Egal ob es brennt, der Keller voller Wasser steht, ein Schaf in einen Kanal gestürzt ist, Menschen in einem Aufzug feststecken oder nach einem Unfall in ihrem Auto eingeklemmt sind: Feuerwehrleute sind rund um die Uhr im Einsatz, um Menschen und Tiere aus Notlagen zu befreien, Brände zu bekämpfen und die Umwelt zu schützen. Im Landkreis gibt es in 49 der 50 Gemeinden eine eigene Wehr. Einzig Merzhausen fällt aus der Reihe. Hier rückt die Feuerwehr Freiburg an, wenn es brennt, denn sie hat es nicht weit.

Mehr Aktive, mehr Einsätze: 2018 sei die Zahl der aktiven Feuerwehrkameraden im Kreis so hoch gewesen wie noch nie, sagt Christoph Zachow, der Vorsitzende des Kreisfeuerwehrverbands. 3943 Aktive zählten die Wehren des Kreises im vergangenen Jahr. Die Zahl der Einsätze im Landkreis lag 2018 bei 507 Bränden und 1719 technischen Hilfeleistungen. "Heutzutage wird die Wehr zu viel mehr Bagatellen gerufen als früher. Bei uns in Breisach, wo ich stellvertretender Kommandant bin, ist der Klassiker der festgefrorene Schwan auf dem Rhein. Früher hätte uns wegen so etwas niemand gerufen", sagt Zachow.

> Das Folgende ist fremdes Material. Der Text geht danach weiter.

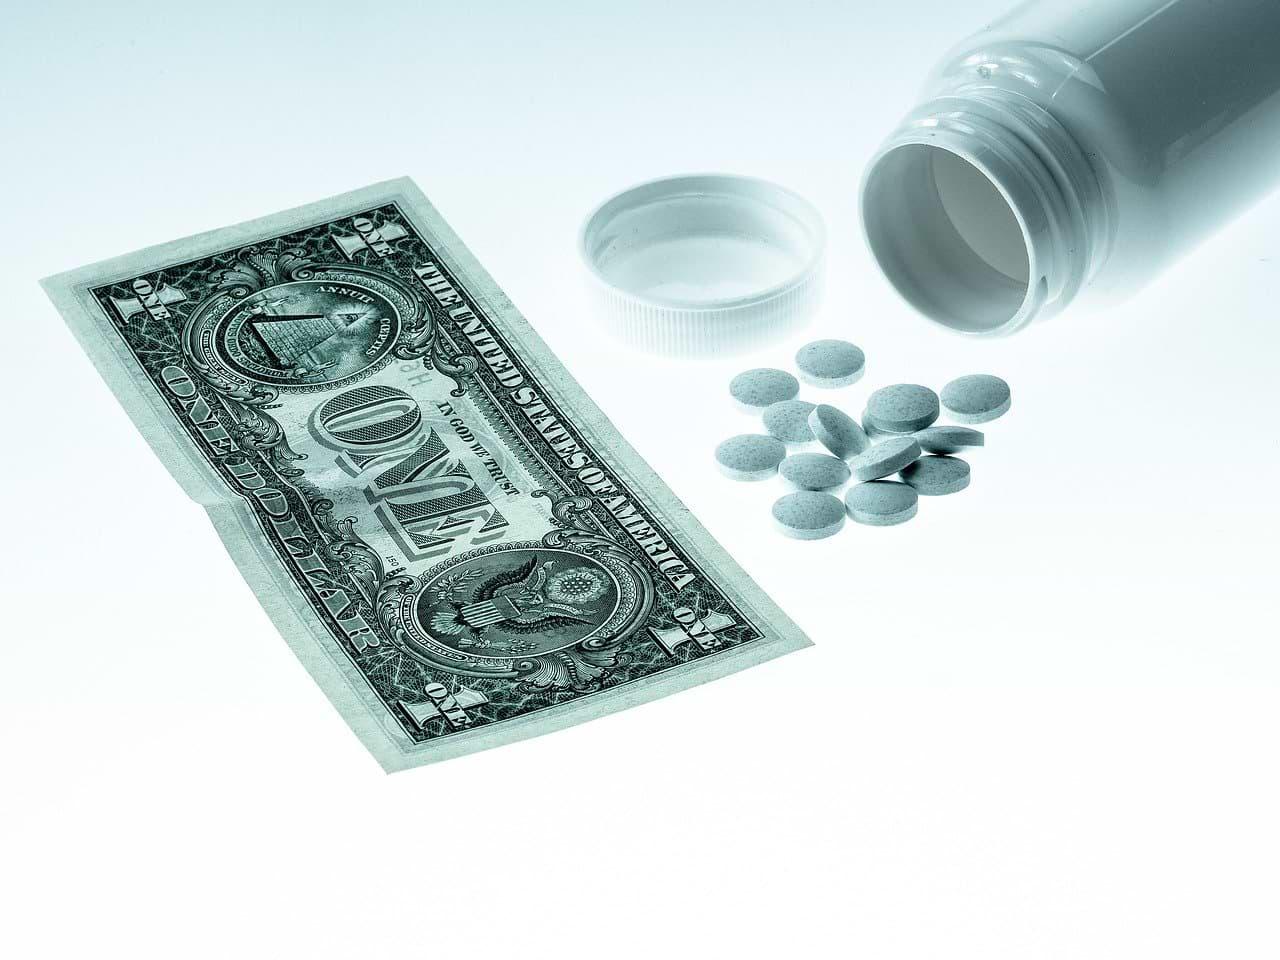 Medicing + ekonomi = sant

Dass die Feuerwehr öfter alarmiert werde, liegt seiner Meinung nach auch daran, dass heute jeder ein Mobiltelefon besitze. "Teilweise melden die Anrufer einen Brand, den sie aus einiger Entfernung gesehen haben, und wissen dann nicht genau, wo er ist, und schauen auch nicht nach – sie rufen einfach an. Das hat sich teilweise dann als Scheibenschlagen herausgestellt", erzählt Zachow. Reduziert habe sich aber die Zahl der Verkehrsunfälle, bei denen die Feuerwehr technische Hilfe leisten müsse. "Die Autos sind inzwischen sicherer und stabiler geworden", sagt er.

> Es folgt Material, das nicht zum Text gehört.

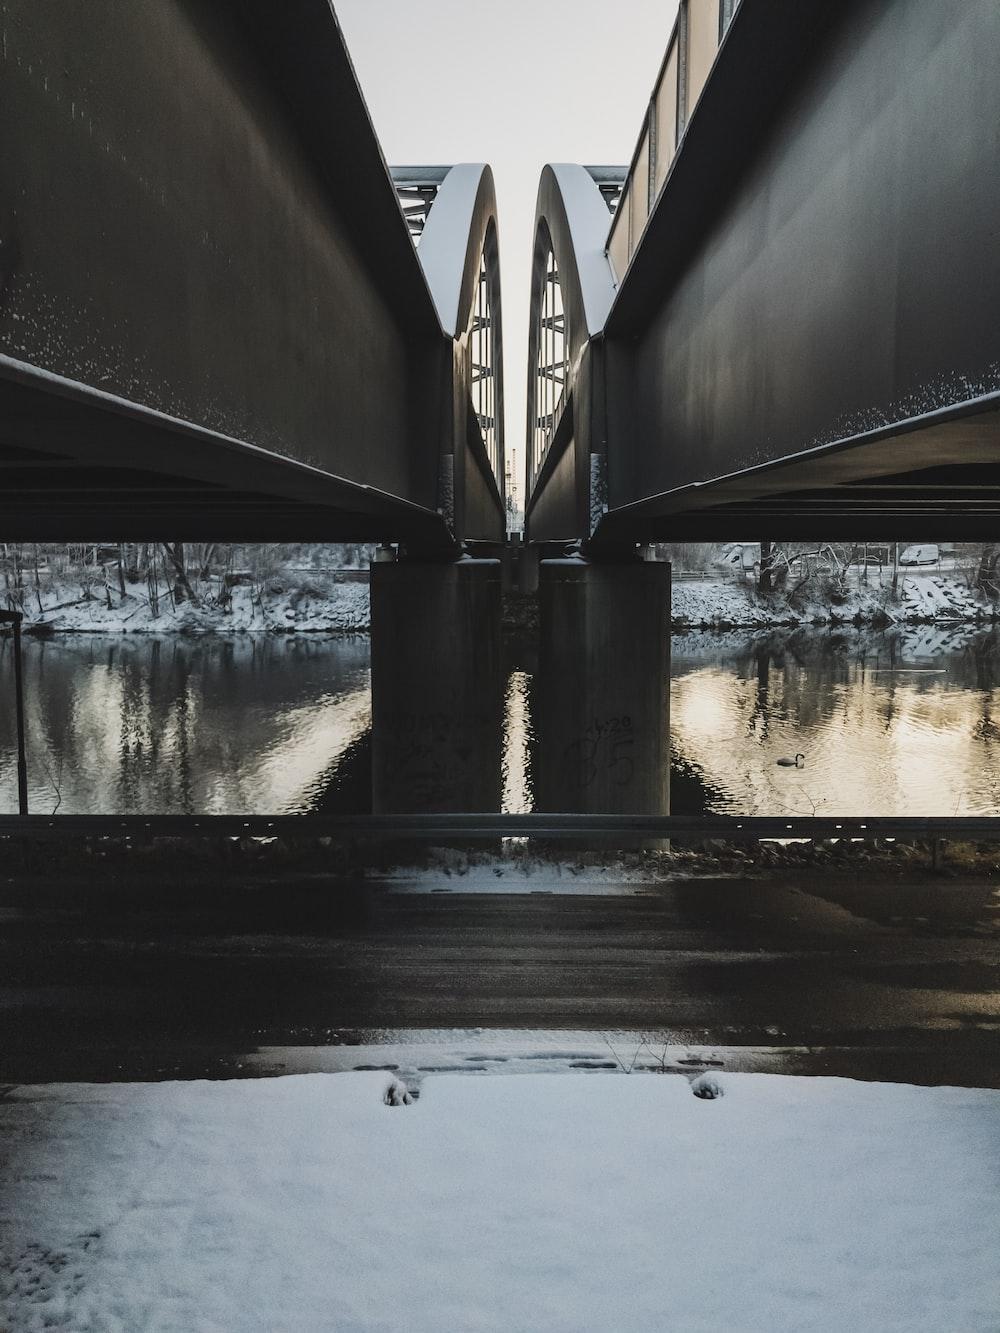 river under bridge at daytime

Mehr technische Hilfeleistungen als Brände


48 der Feuerwehren im Landkreis haben eine Jugendabteilung, zehn eine Kinderfeuerwehr. "Die wichtigste Rekrutierungsquelle ist natürlich die Jugendfeuerwehr. Ohne Quereinsteiger würde es aber nicht funktionieren", sagt Zachow. "Kinderfeuerwehren sind immer mehr im Kommen, erfordern aber einen ganz anderen Betreuungsaufwand als die Jugend und auch räumliche Voraussetzungen", erklärt er. Sie seien jedoch auch wichtig, um die Kinder schon früh für die Wehr zu gewinnen. Andere Vereine seien da oft früher dran.

Eine der 49 Wehren im Kreis ist die Feuerwehr in Gundelfingen. Sie setzt sich aus den Abteilungen Gundelfingen und Wildtal zusammen. "Unser Gerätehaus platzt aus allen Nähten, aber wir freuen uns trotzdem über Zuwachs. Wir sind derzeit 86 Aktive, 65 in Gundelfingen und 21 in Wildtal. Die gemeinsame Jugendfeuerwehr hat 39 Mitglieder", erzählt Kommandant Jens Lapp. Jährlich werde die Wehr zu 100 bis 120 Einsätzen gerufen, wobei die technische Hilfeleistung den größten Teil davon ausmache. Für Einsätze stehen acht Fahrzeuge zur Verfügung. 2019 rückte die Gundelfinger Wehr bereits zu 111 Einsätzen aus – zu rund zwei Einsätzen pro Woche.



"Die Zahl der Einsätze ist in den vergangenen Jahren deutlich angestiegen", sagt Lapp. Die Bandbreite reiche von verletzten Tieren, über vermisste Personen bis hin zu Großbränden. "Wir haben hier viel Gewerbe und viel Verkehr. Gundelfingen ist recht städtisch, und wir müssen sehr oft technische Hilfe leisten und zum Beispiel für Rettungskräfte oder die Polizei Türen öffnen, weil keiner der Nachbarn einen Ersatzschlüssel hat. Manche rufen auch wegen einer verletzten Amsel oder eines kranken Igels gleich die Feuerwehr. Das wäre in einem kleinen Dorf nicht möglich", sagt Lapp.


Räucherstäbchen und ein entflohener Papagei riefen die Retter auf den Plan


Der Kommandant kann sich an einige kuriose Einsätze erinnern. "Wir kommen dann, wenn sich andere nicht mehr zu helfen wissen. Wir wurden schon gerufen, weil ein Papagei entflogen war, der – als wir ankamen – auf dem Fensterbrett saß, oder weil es aus der Wohnung der Nachbarin komisch roch – der Grund dafür war dann ein Päckchen mit inzwischen verdorbenen Lebensmitteln. Einmal wurde auch der Rauchmelder von einer Schamanin ausgelöst, die mit Räucherstäbchen die bösen Geister aus einer Immobilie vertreiben wollte, und bei einem Brautpaar kam auch mal das Wasser unter der Türe durch, weil sie in ihrer Hochzeitsnacht den Wasserhahn angelassen hatten. Wir haben schon viel Lustiges erlebt, aber auch Tragisches", sagt Lapp.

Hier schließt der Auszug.